Biography (provided by the speaker)
Pascaline Dupas is Professor of Economics and Public Affairs at Princeton University. She joined the Princeton faculty in July 2023. She was previously the Kleinheinz Family Professor of International Studies at Stanford University, where she spent 12 years on the faculty. She has also held faculty positions at Dartmouth College and UCLA.
Dupas is a development economist studying the challenges facing poor households in lower income countries and their root causes. Her goal is to identify interventions and policies that can help overcome these challenges and reduce global poverty. She conducts extensive fieldwork. Her ongoing research include studies of education policy in Ghana, family planning policy in Burkina Faso, and government subsidized health insurance in India, among others.
She is the co-president of the Bureau for Research and Economic Analysis of Development (BREAD), a board member and affiliate of the Jameel Poverty Action Lab (JPAL), and a research associate at the National Bureau for Economic Research (NBER).
In 2013 she received a National Science Foundation CAREER award, awarded by the US government to recognize and honor outstanding scientists and engineers at the outset of their independent research careers. In 2015 she received the Best Young French Economist Prize, awarded to the French economist under 40 whose work is most influential. She is a fellow of the Econometric Society, a former Sloan Fellow, and a former Guggenheim Fellow.
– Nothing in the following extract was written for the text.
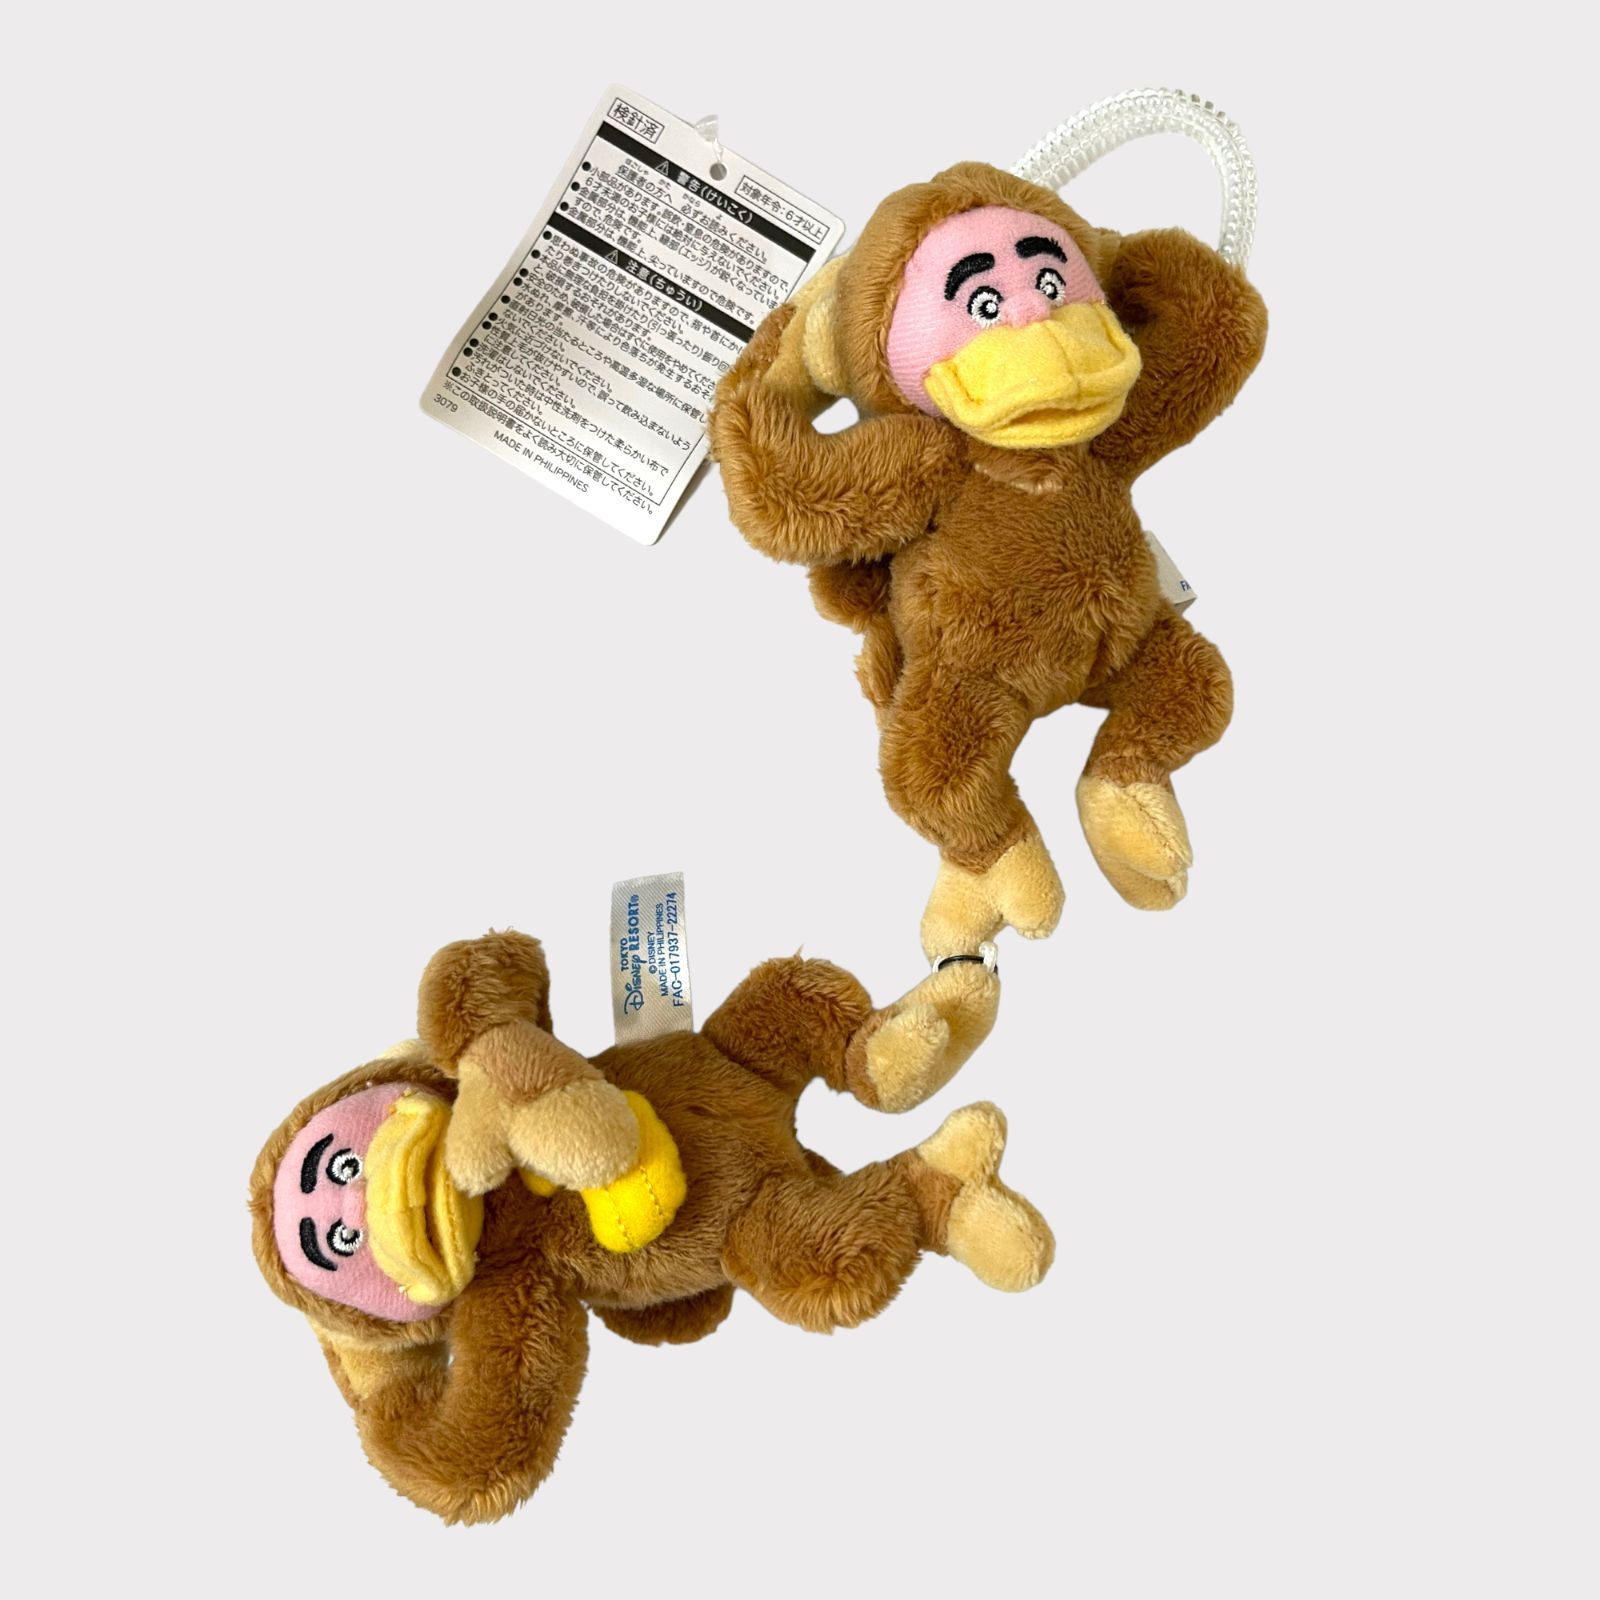 ぬ☆ぬいぐるみ ドイツ ハーマン社 さる猿サル モンキー 小さい18㎝ 赤

Dupas studied philosophy and economics as an undergraduate student at the École Normale Superieure (Ulm). She obtained a Ph.D. in economics from the École des Hautes Études en Sciences Sociales in 2006.
Bechtel Lectureship
Established in honor of emeriti faculty Joan Bechtel (Library Resources), who served Dickinson from 1971 to 1995, and the late Dan R. Bechtel (Religion), who served Dickinson from 1964 to 1995, to support Clarke Forum speakers and events regarding Africa.